[PROVIDED DATA]
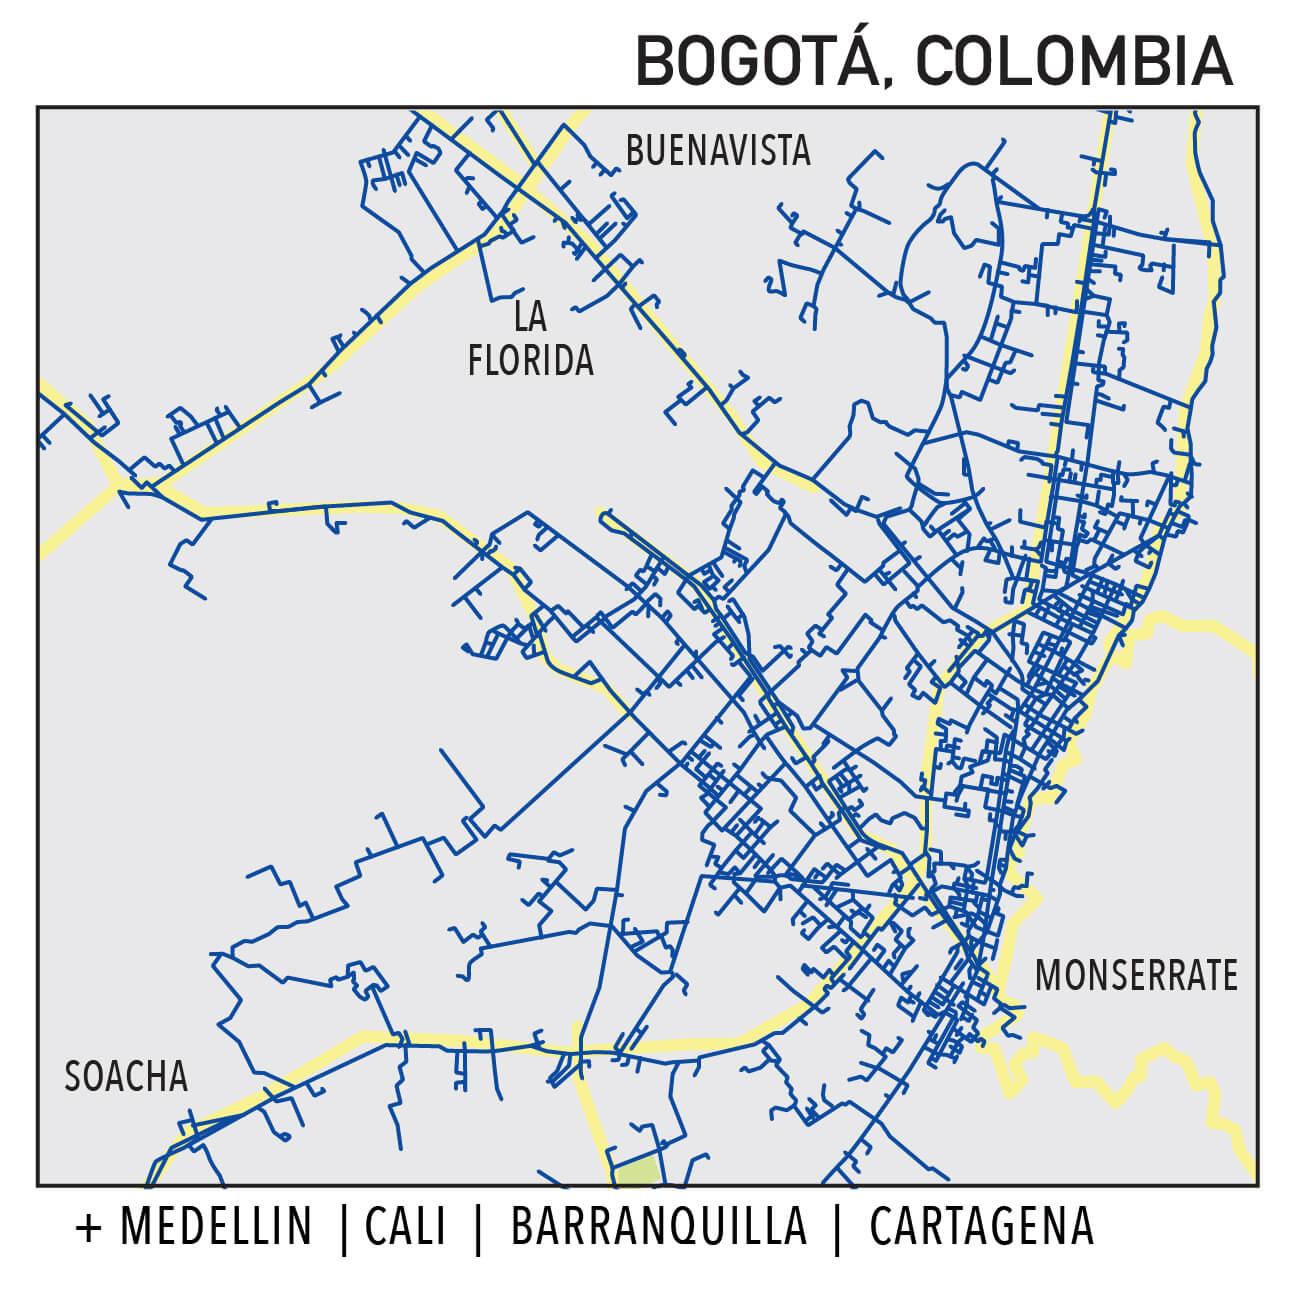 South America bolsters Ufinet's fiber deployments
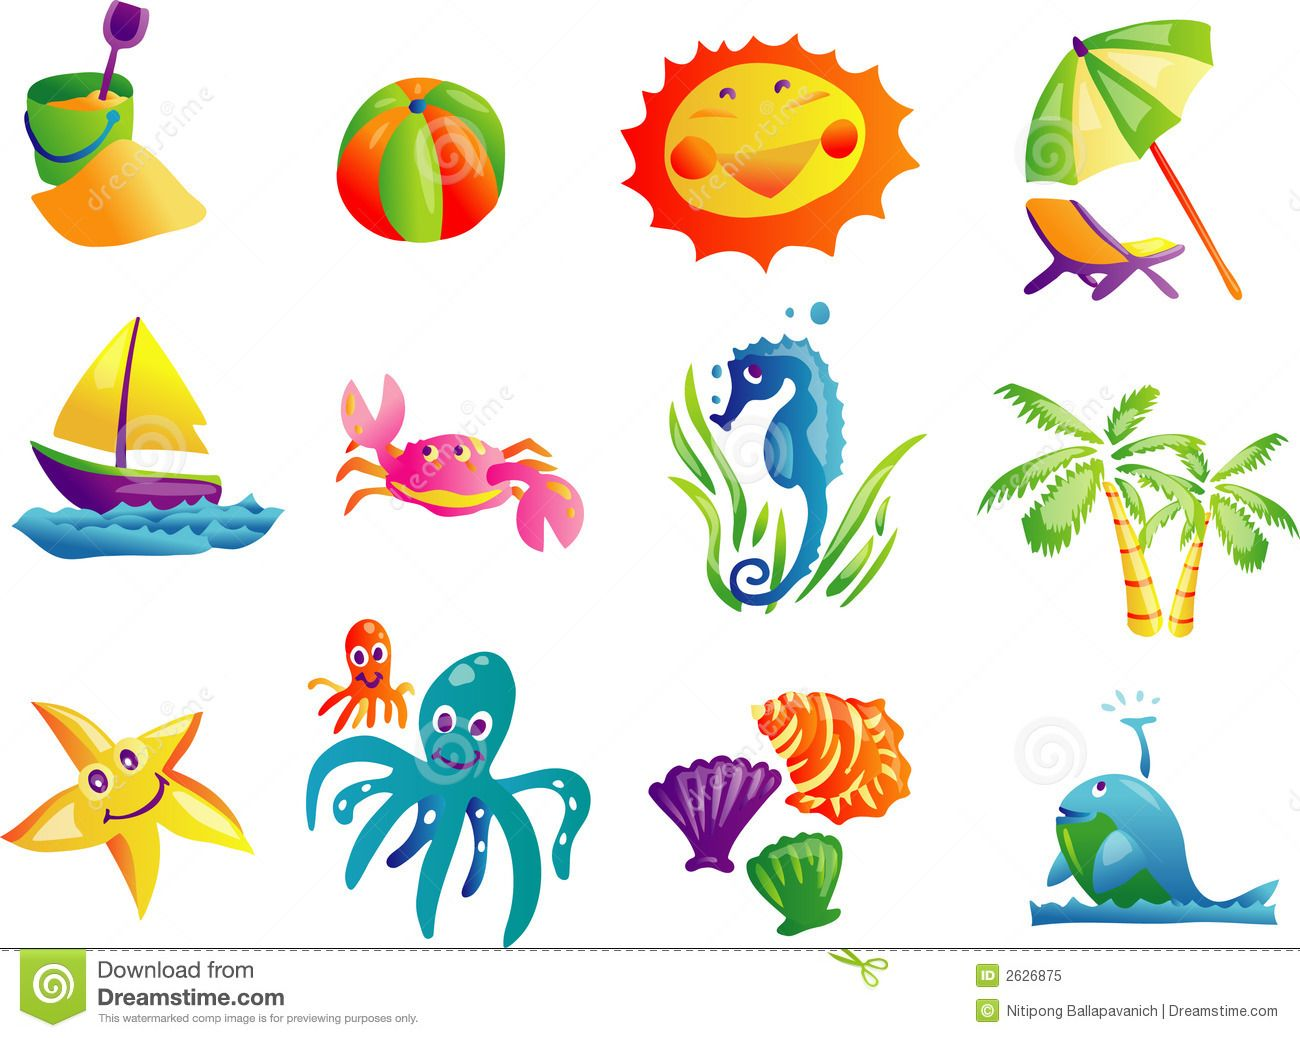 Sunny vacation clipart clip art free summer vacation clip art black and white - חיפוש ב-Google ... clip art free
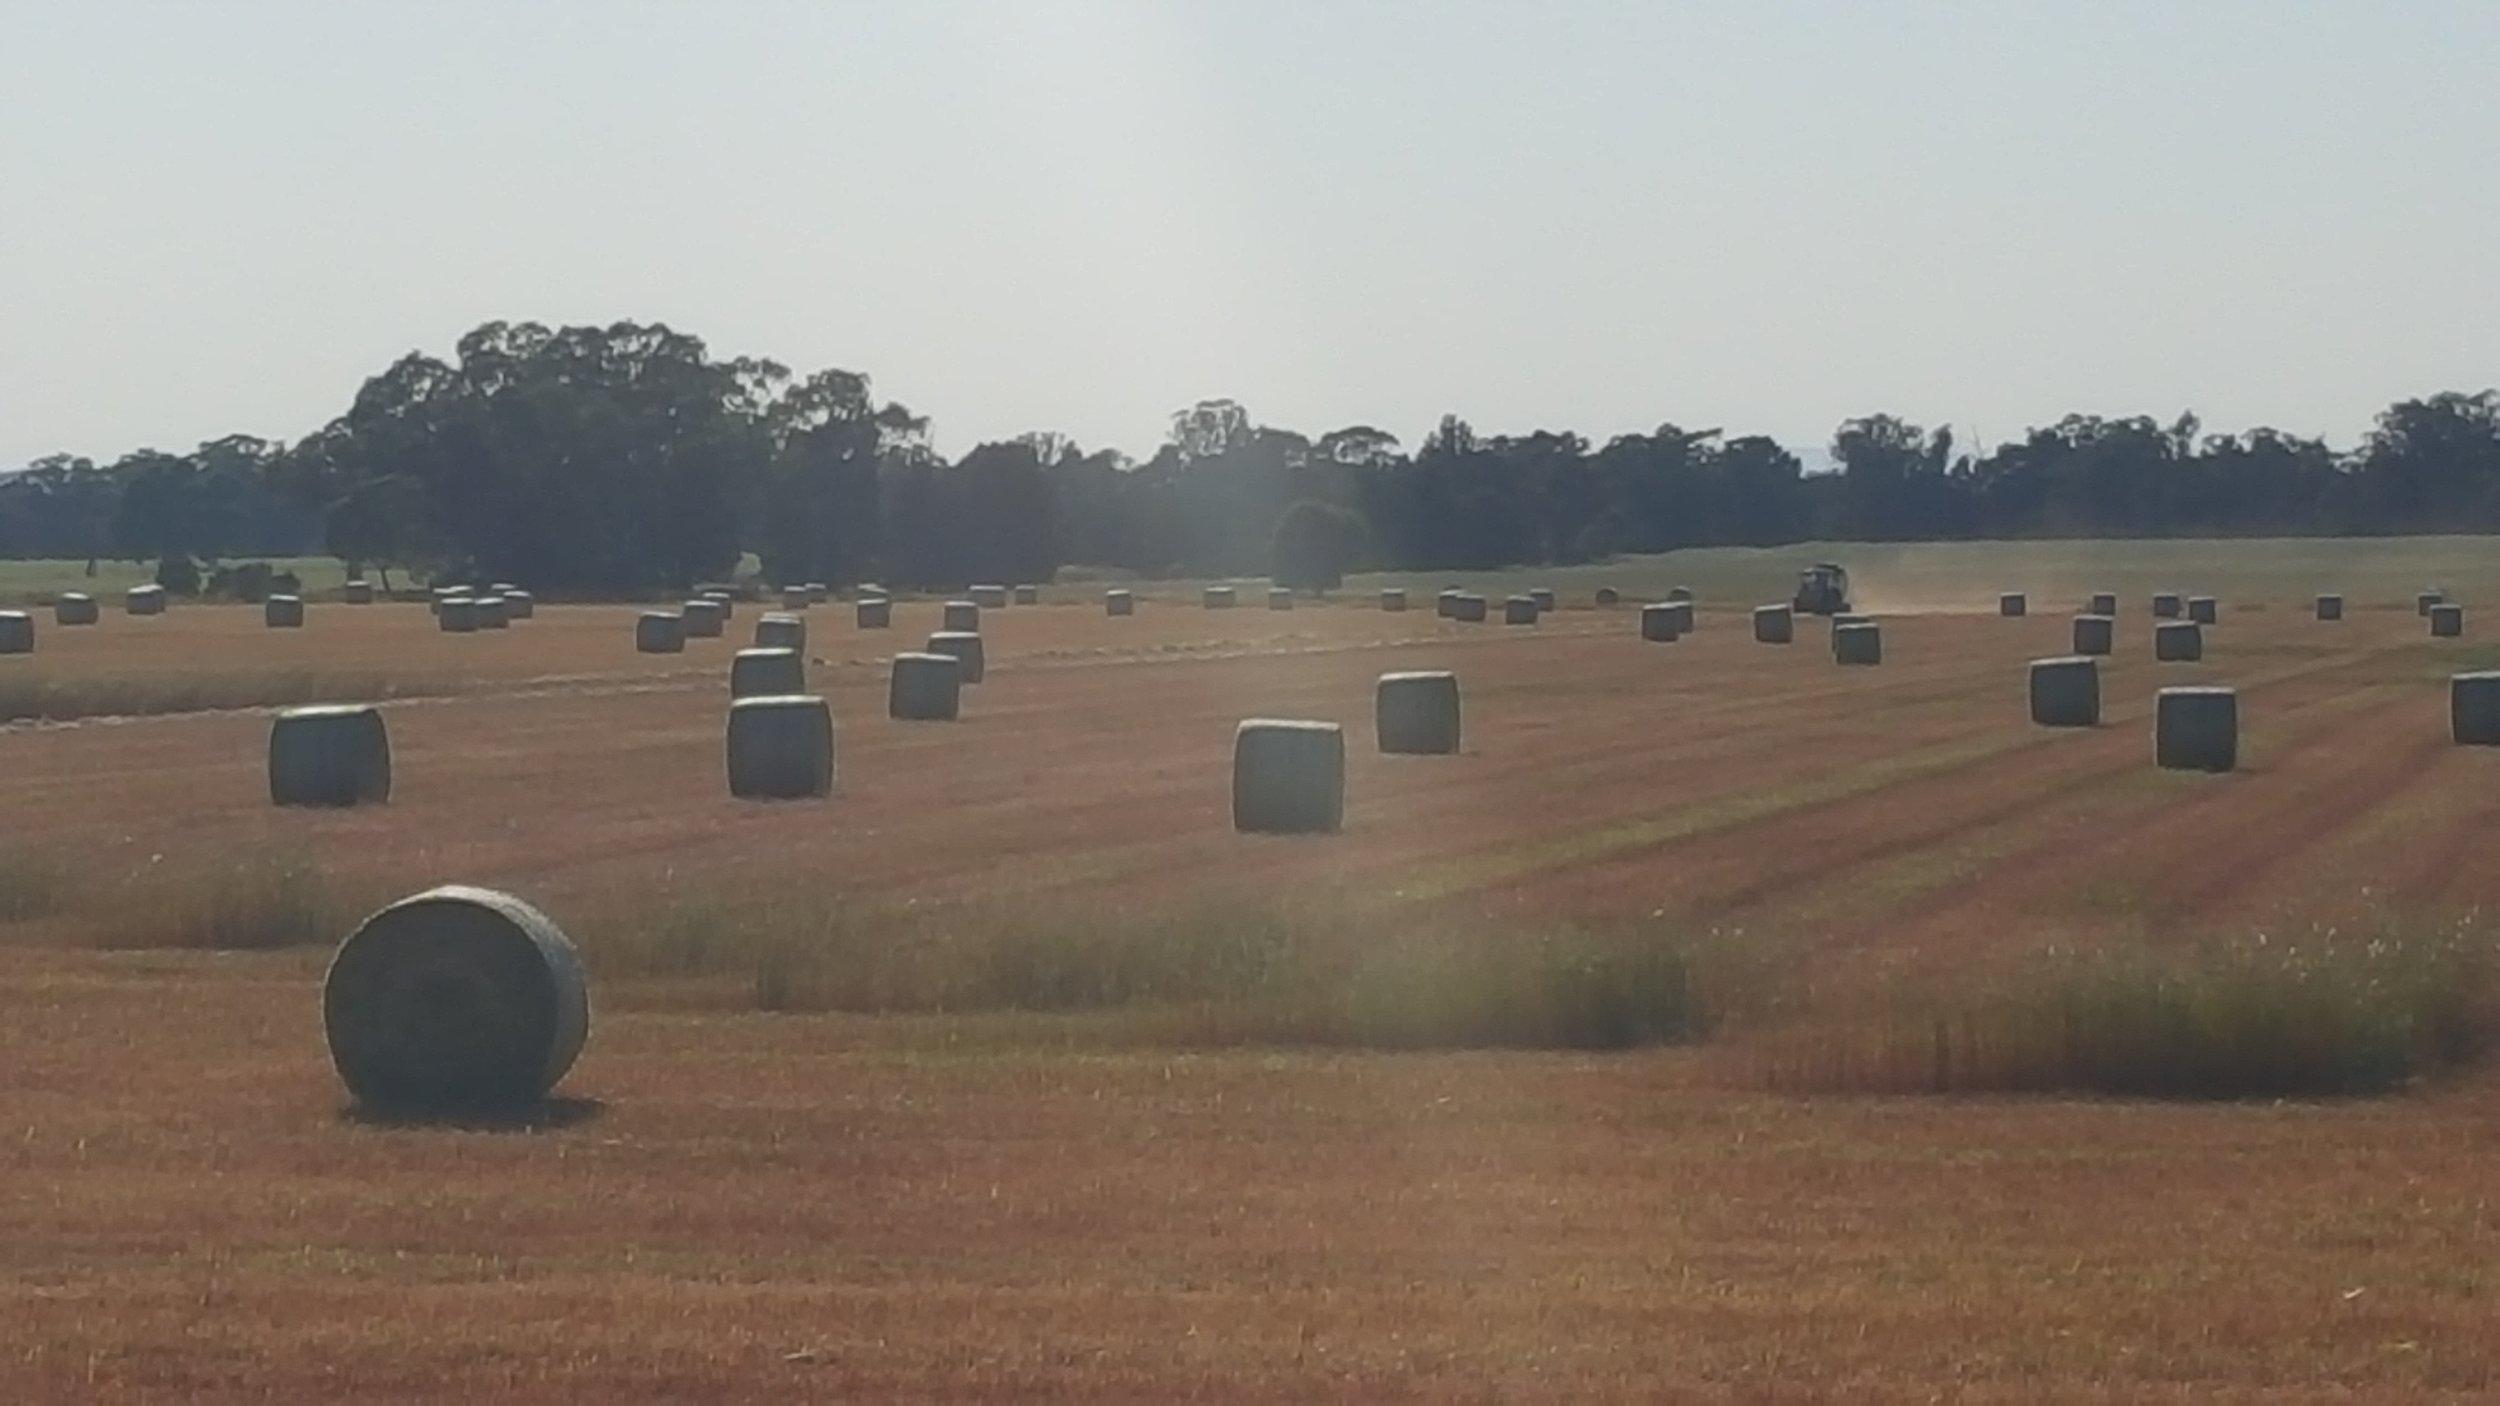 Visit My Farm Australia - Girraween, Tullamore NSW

[PROBLEM DESCRIPTION] Repeat the material exactly and drop each image.

[SOLUTION TO THE EXERCISE]
 South America bolsters Ufinet's fiber deployments
 Sunny vacation clipart clip art free summer vacation clip art black and white - חיפוש ב-Google ... clip art free
 Visit My Farm Australia - Girraween, Tullamore NSW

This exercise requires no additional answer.